ACTION ITEM — After locating the line that contains "GAFFA og mange", give that line and all the rest through the end of the entries again exactly, leaving the pictures out.

INPUT FOR THIS TASK —
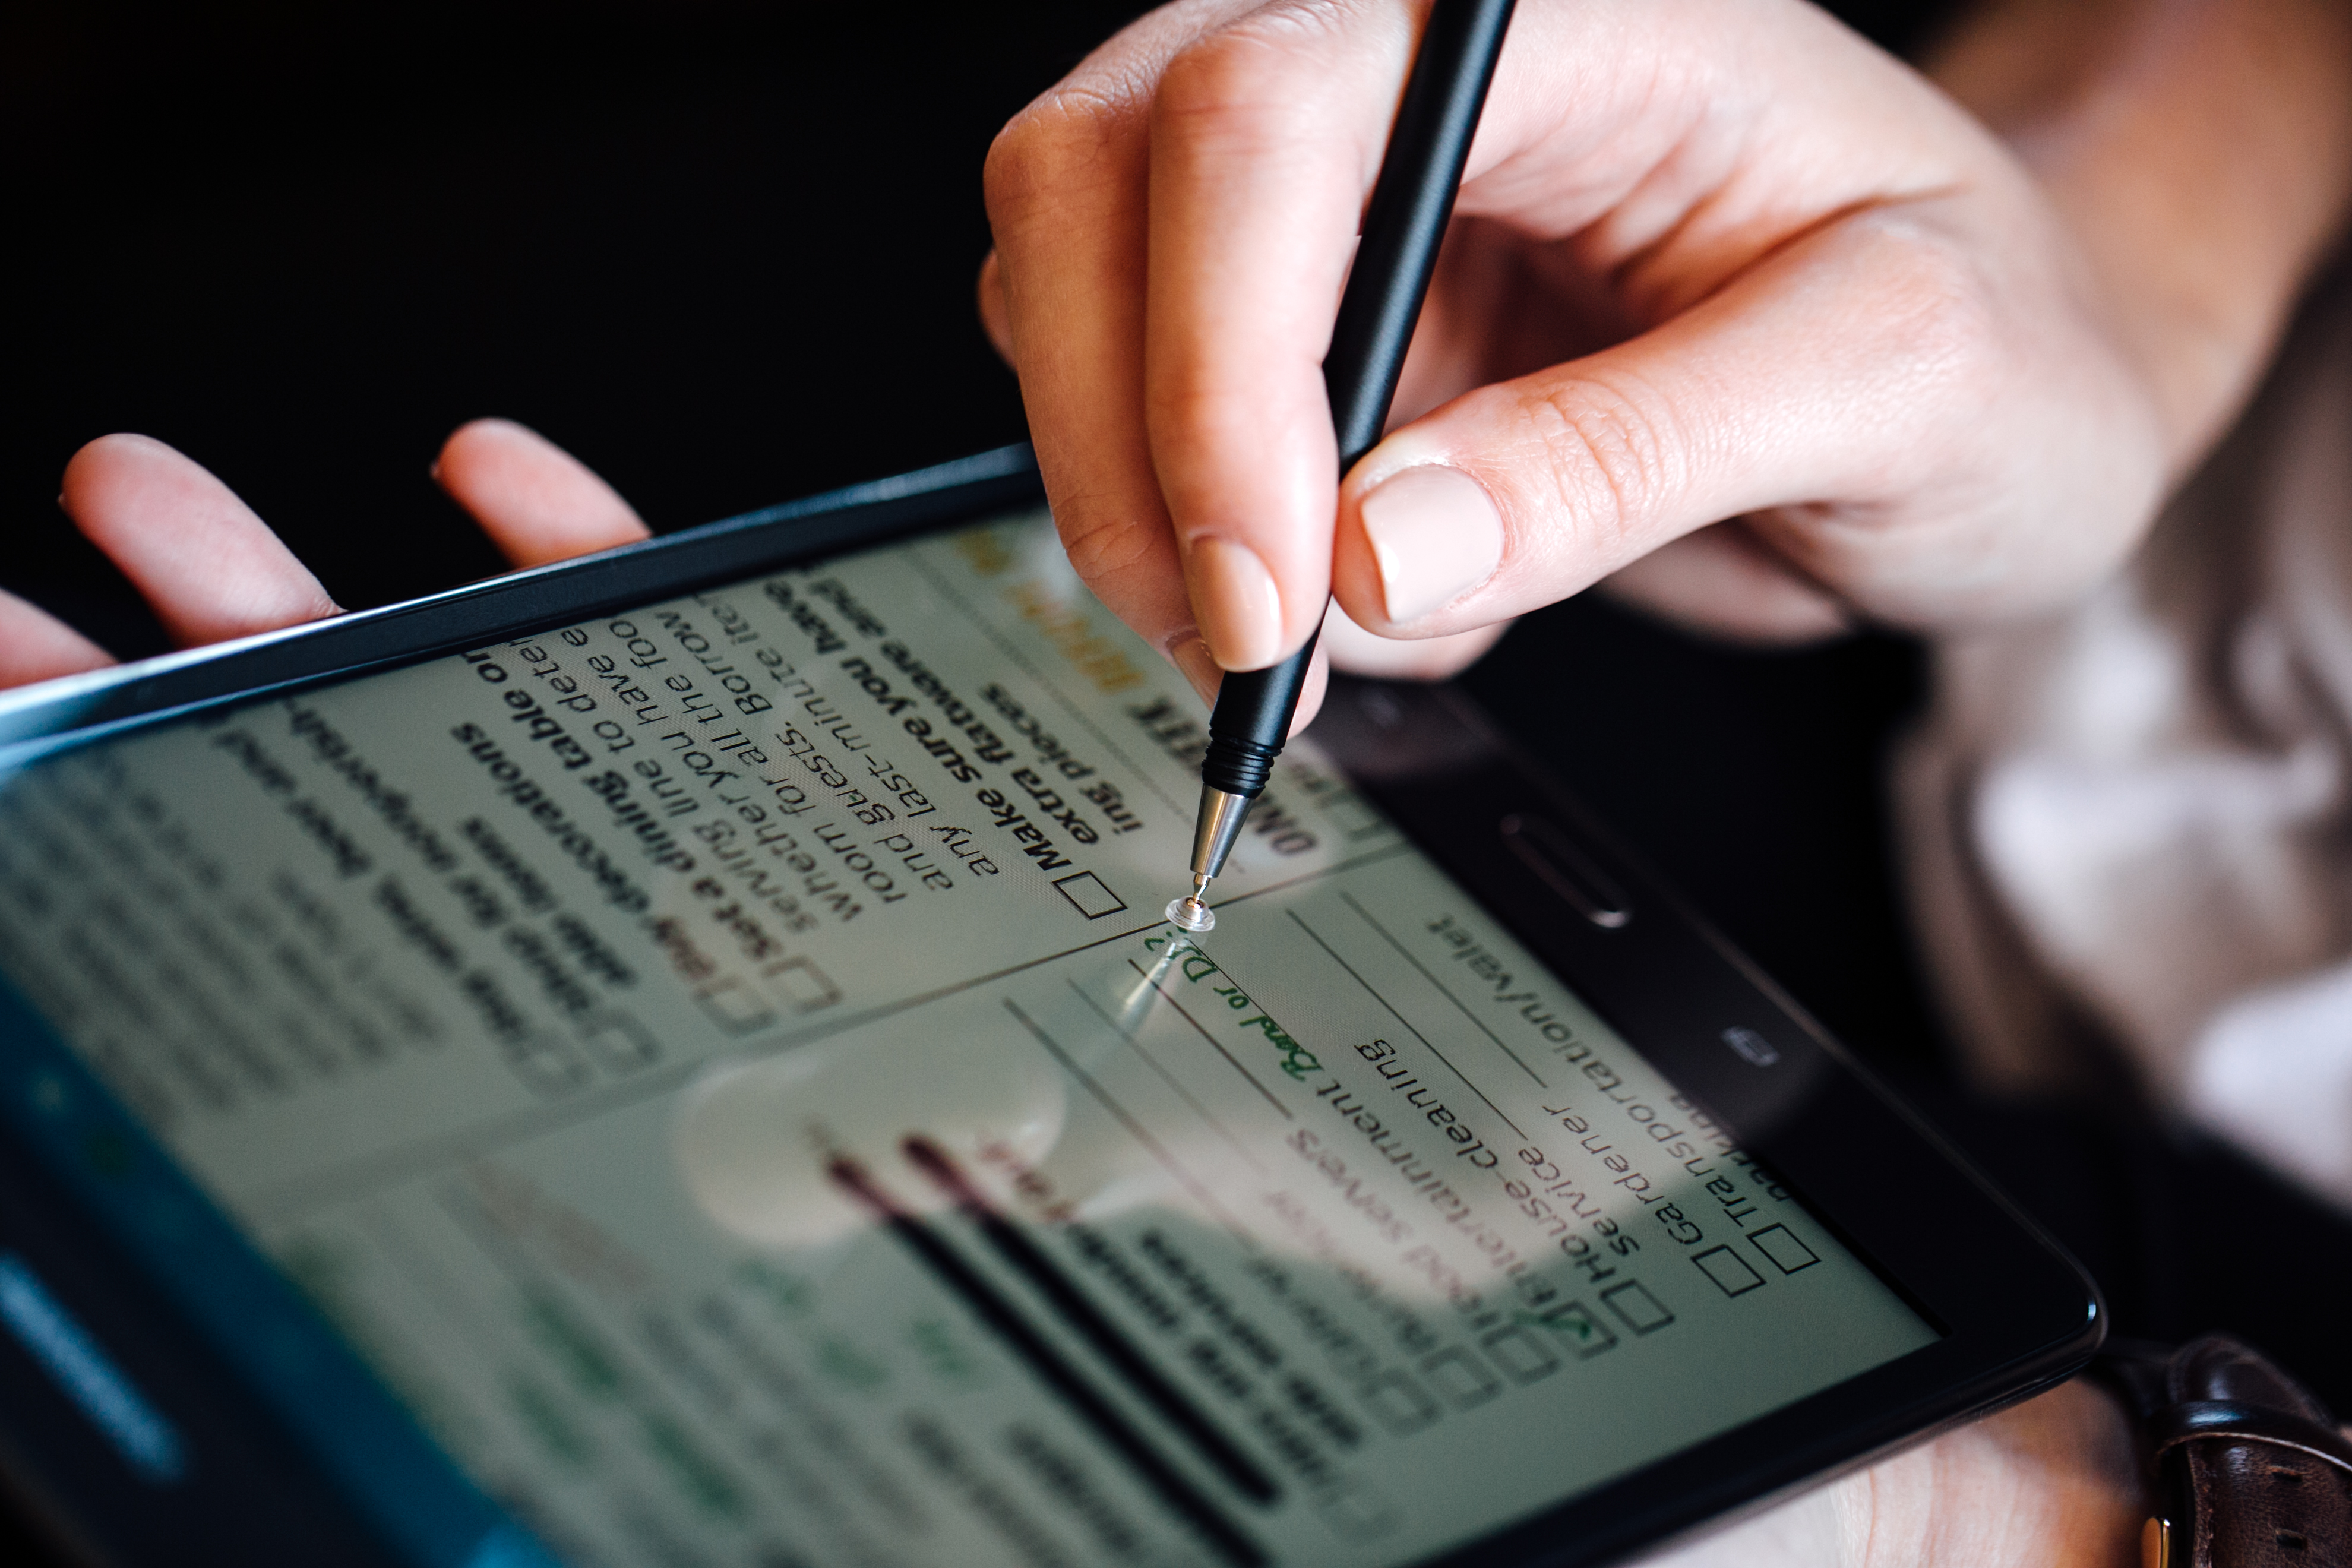 Der Adonit Droid - Stylus - Pen - für Android Smartphones und Tablet Computer bietet natürliches Schreiben wie mit einem herkömmlichen Stift 03
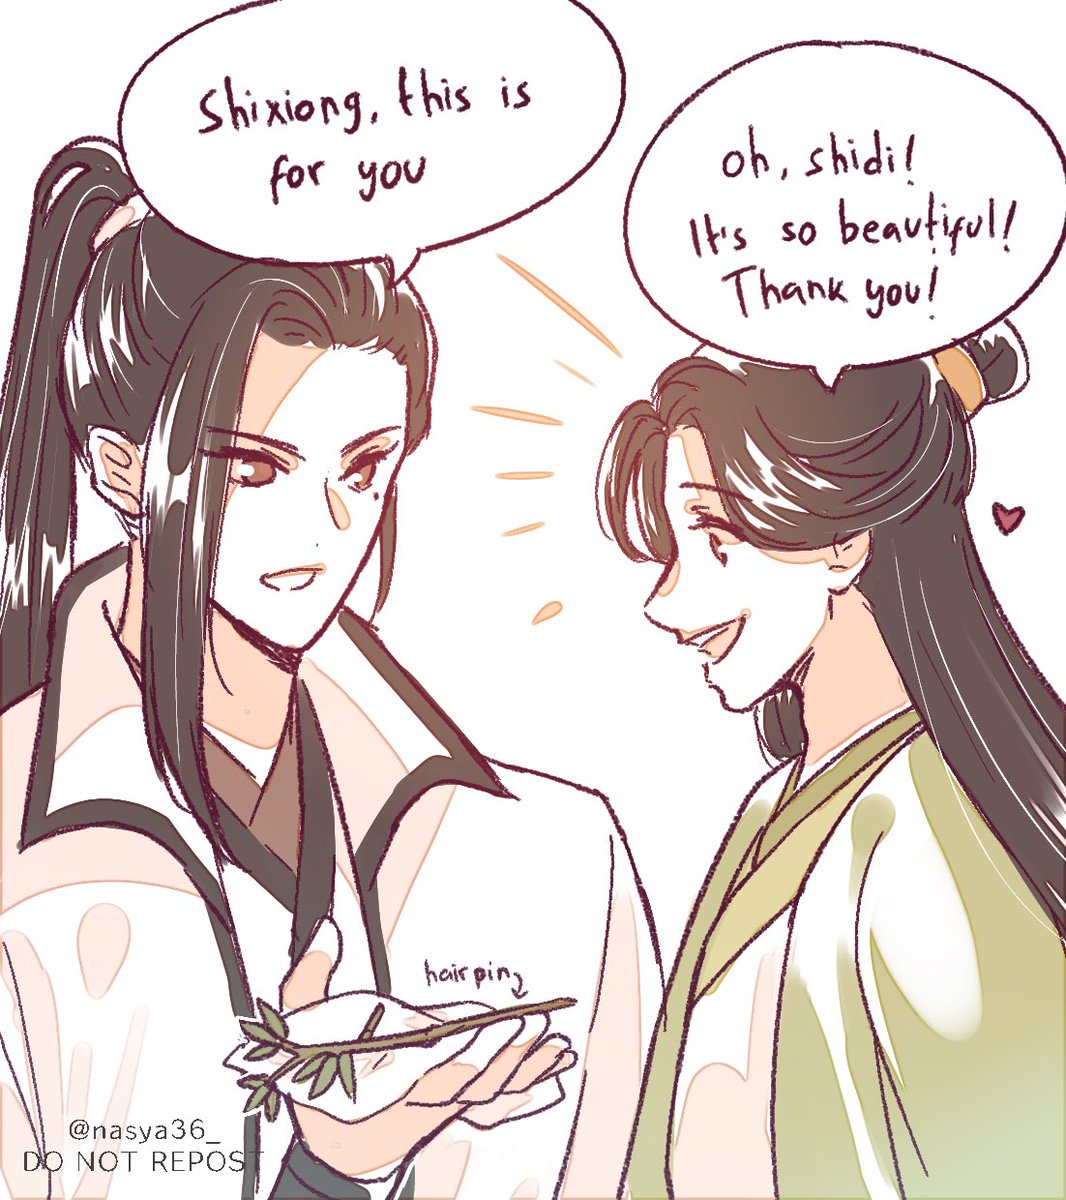 (1/2)Bro, is it gay to give hairpin as gift to you shixiong? 
#liushen 
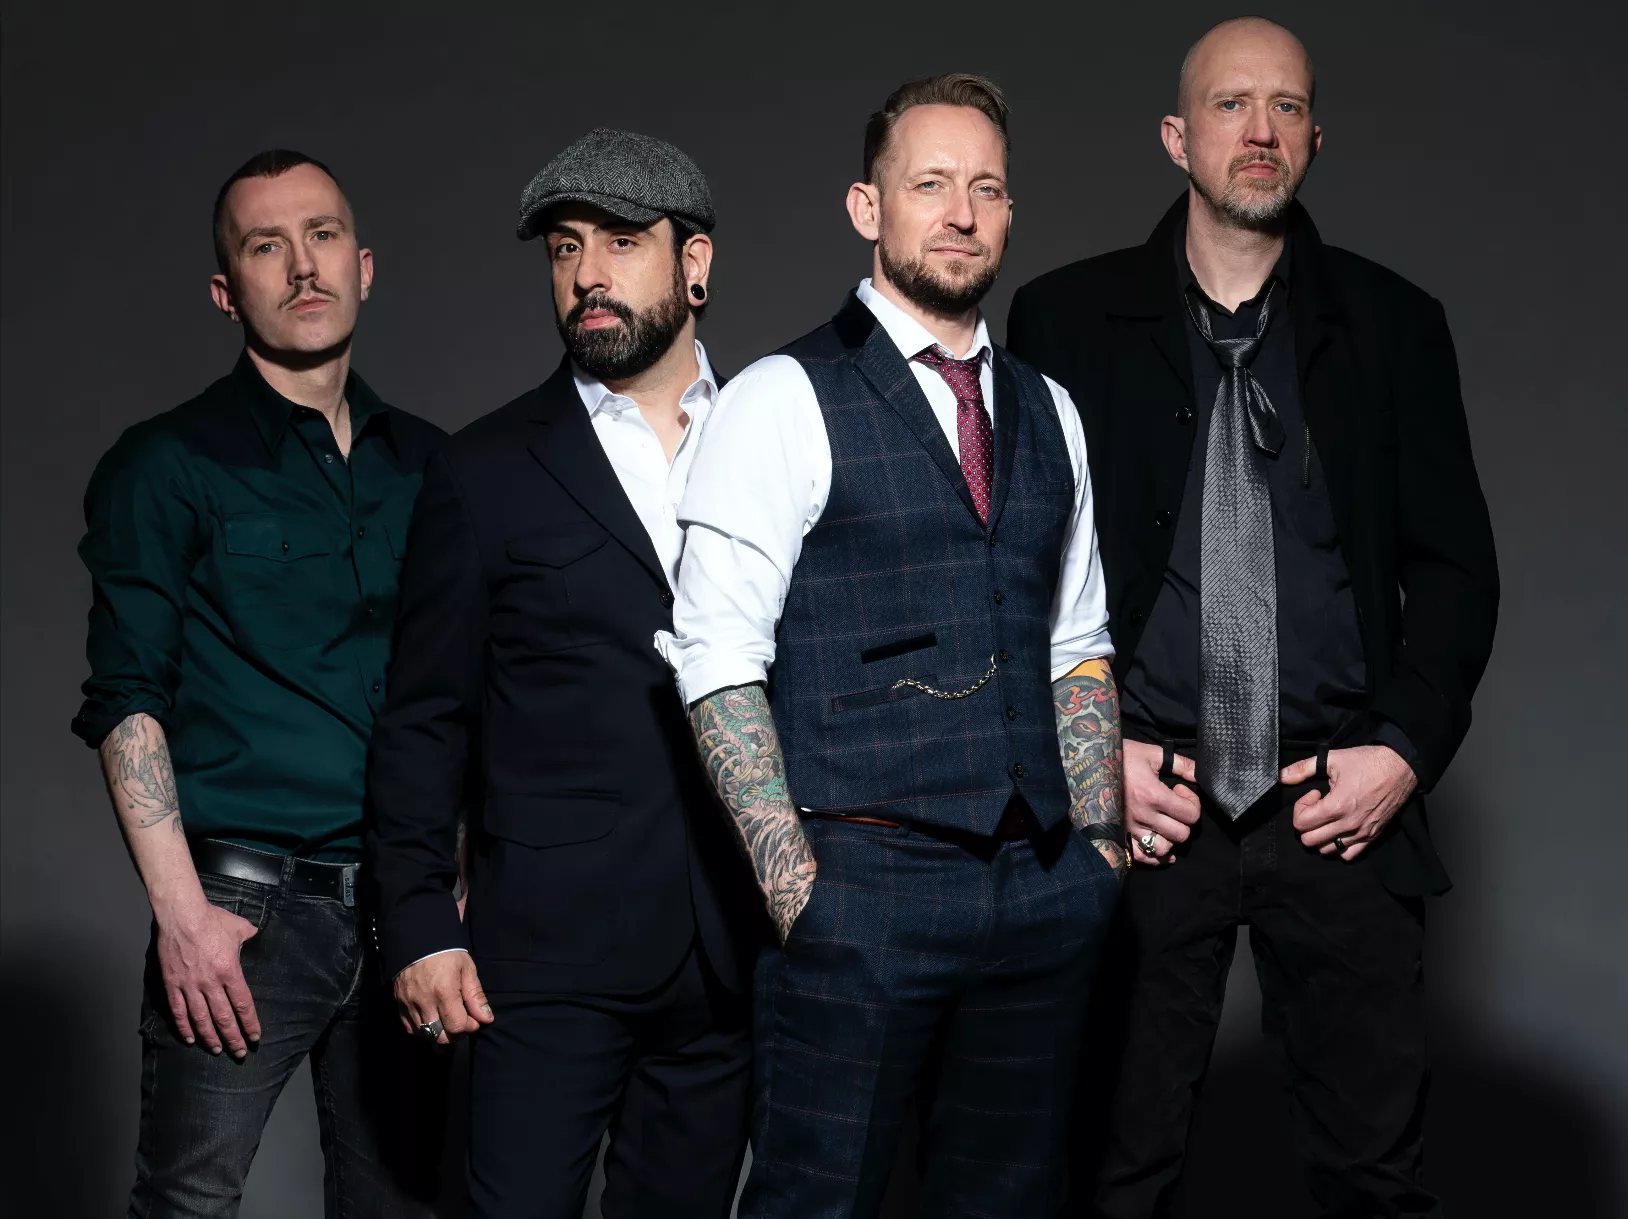 GAFFA og mange andre danske medier boykotter Volbeat
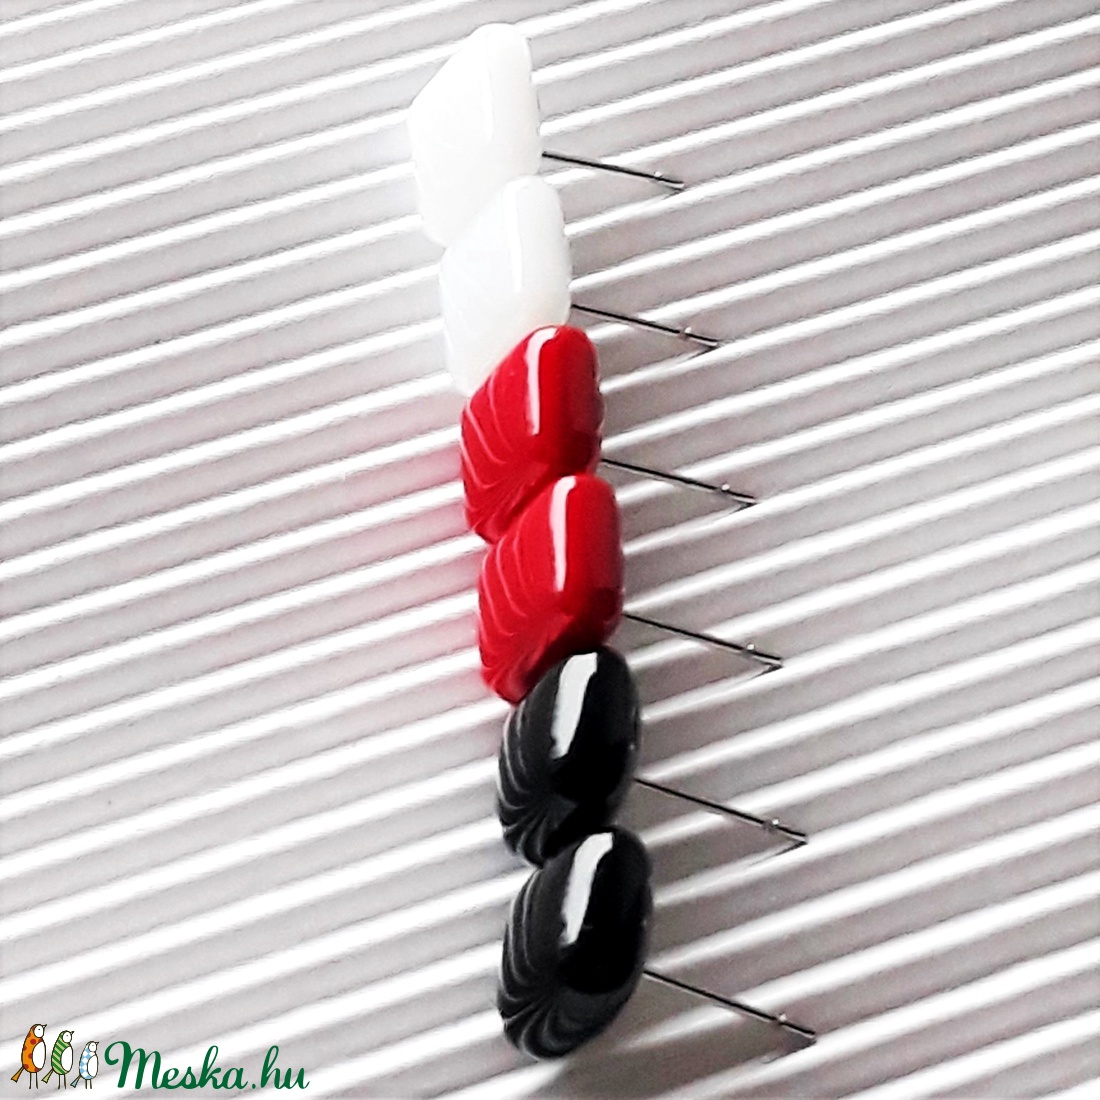 Klasszikus fekete-fehér-piros üveg kocka fülbevaló csomag orvosi fém alapon , minimal, trendi, üvegékszer szett - ékszer - fülbevaló - pötty fülbevaló - Meska.hu

EXERCISE RESULT —
 GAFFA og mange andre danske medier boykotter Volbeat
 Klasszikus fekete-fehér-piros üveg kocka fülbevaló csomag orvosi fém alapon , minimal, trendi, üvegékszer szett - ékszer - fülbevaló - pötty fülbevaló - Meska.hu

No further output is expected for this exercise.